When it is put to people within the Super League that any such project would just widen economic gaps in domestic leagues, the argument is that is already the case and it’s better to accept that reality and build something new.

It is why an increasing number of people feel a new project might this time work. The very dominance of the Premier League may even strengthen their hand, ironically.

On one side, so much of football now sees the English competition as too big, and realises the need for something else to counter-balance it. A continental Super League may be the only solution.

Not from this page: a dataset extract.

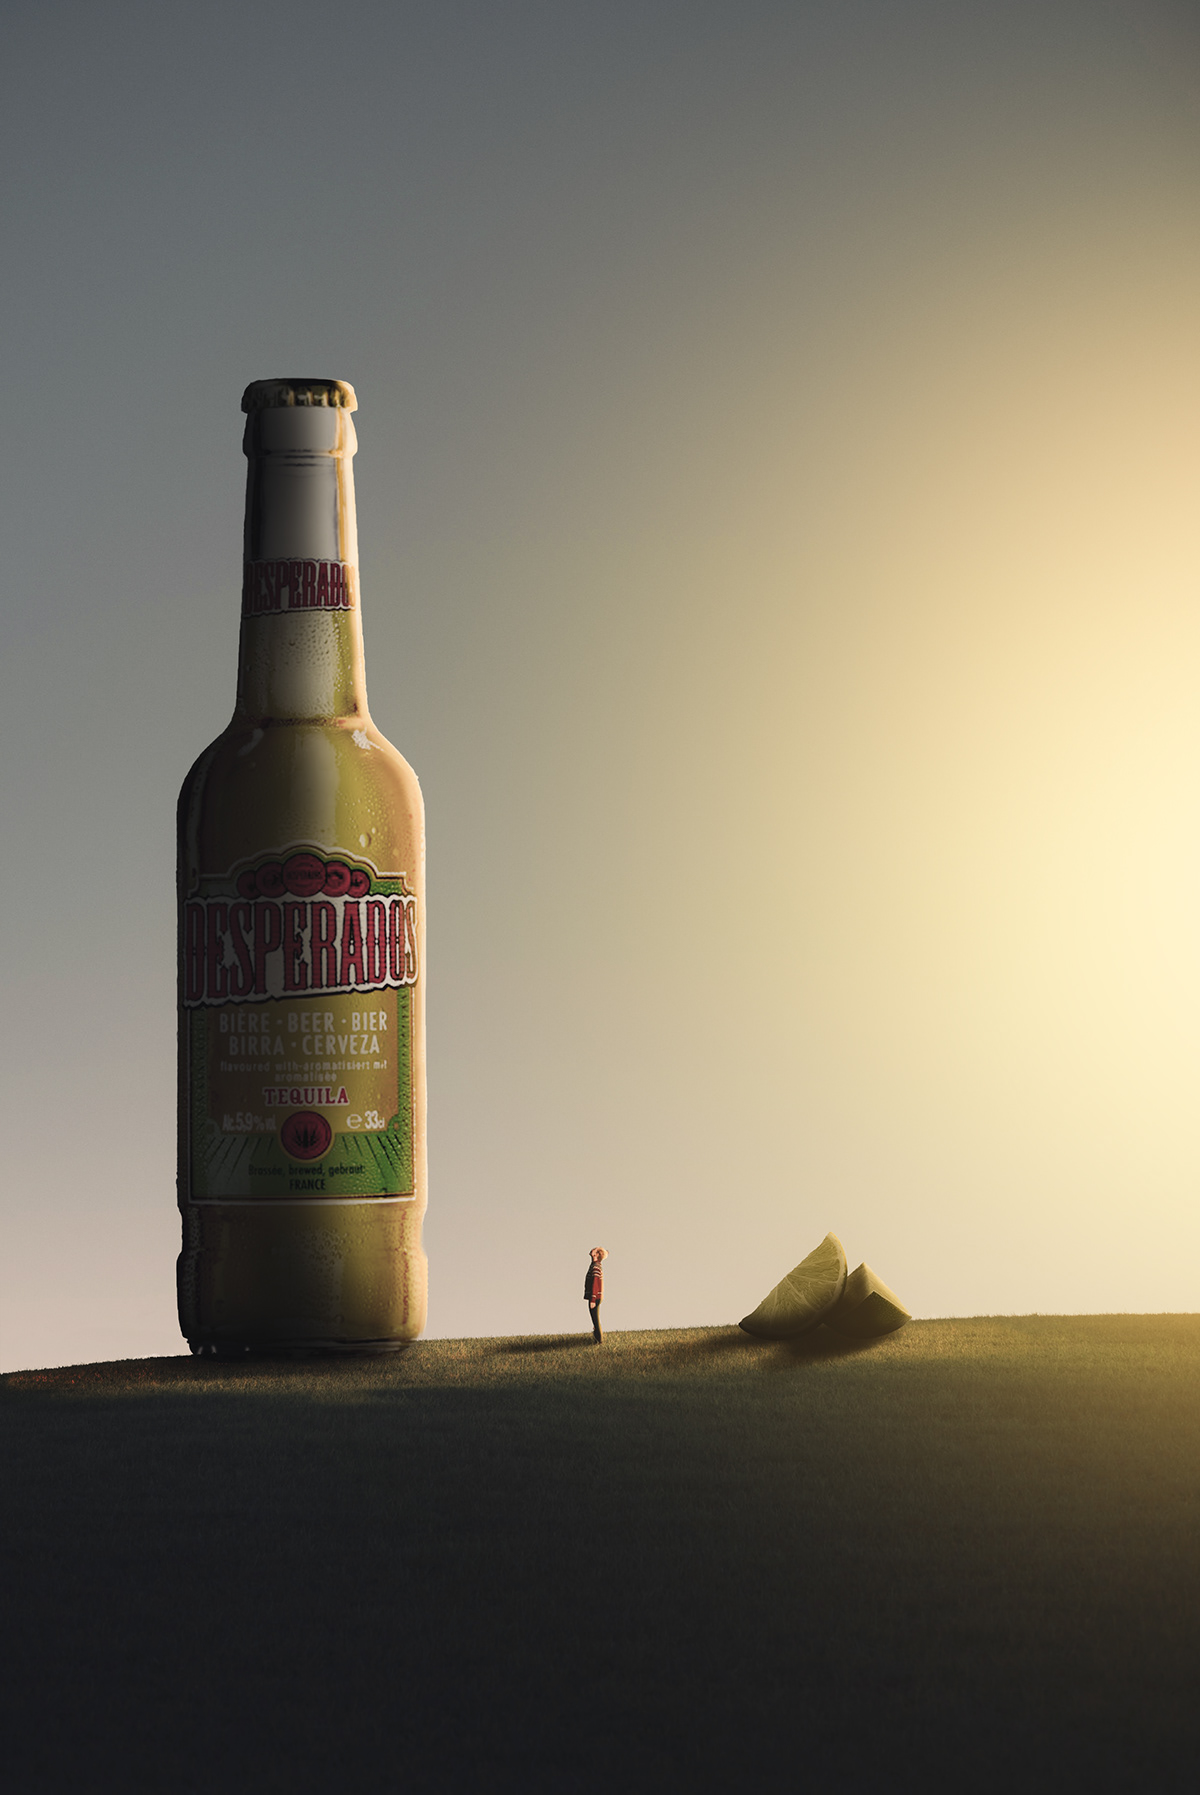 Tiny human standing on the field, looking up at huge bottle of Desperados beer and big lime wedges

On the other side, the absence of English clubs also removes English supporter opposition. Their protests were absolutely integral to the failure of the first plan. Uefa realised this early on back in April, and made a point of stoking key stakeholders in order to energise English opposition for when it launched.

English supporter opposition was key in thwarting the Super League
English supporter opposition was key in thwarting the Super League (Getty)

It is also why this court case is so crucial to the future of the sport. The Super League project is after all about much more than just a new competition. What the clubs really want is a new federation, a more direct challenge to Uefa. They want a Premier League-style members club, where they are the shareholders, and have all the power.

It is not difficult to see where that would go, given what has already happened in English and European football. It would just see further growth of the super clubs at the expense of everyone else, and perhaps the evolution of the sport into an NFL-style elite at the top, with a more parochial game below.

Missing from all this is a thorough discussion about what football actually needs. “The Super League just aren’t concerned with the reality of what sport actually is,” one source argues. For all the posturing about improving the game, it remains fanciful to think figures like Perez and Agnelli are motivated by anything other than short-term self-interest.

One well-placed source offered a revealing insight into how the Madrid president thinks. It was stated that Perez gets particularly aggravated about dealing with Ceferin because he is “just a lawyer on £2m a year”. The Madrid president, by contrast, can make that in one deal.

If that sort of view is genuine, is this really the sort of mentality that should be running the game? Then again, the entire issue cuts to a number of existential questions about the sport itself.

What is a governing body supposed to be for? What is a club supposed to be? Is it merely a representative institution that should have eternal opportunity to go from bottom to top, or do we now need different definitions? How deep should the pyramid actually be?

Depending on what the answers are, this story also poses an existential threat to the game itself. Football is so far one of the few sports that hasn’t had any major split. A Uefa defeat at the ECJ would end that. It would fracture the game, potentially creating multiple competitions and federations, in the way we’ve seen in boxing and cricket. The very essence of football would be altered.

As of now, the Super League feel they have the legal case on their side. There is a quiet confidence that a compelling technical business argument can be made that Uefa and Fifa do have a monopoly. The governing body believe they have a strong case of their own, but also the advantage of politics.

The argument that will be made is that there is a valuable political and cultural component to this, and that the ECJ shouldn’t be in a position where the European sports model is destroyed.

That is what this is really about, after all. But, then, perhaps contracts like that offered to Mbappe are already having that effect.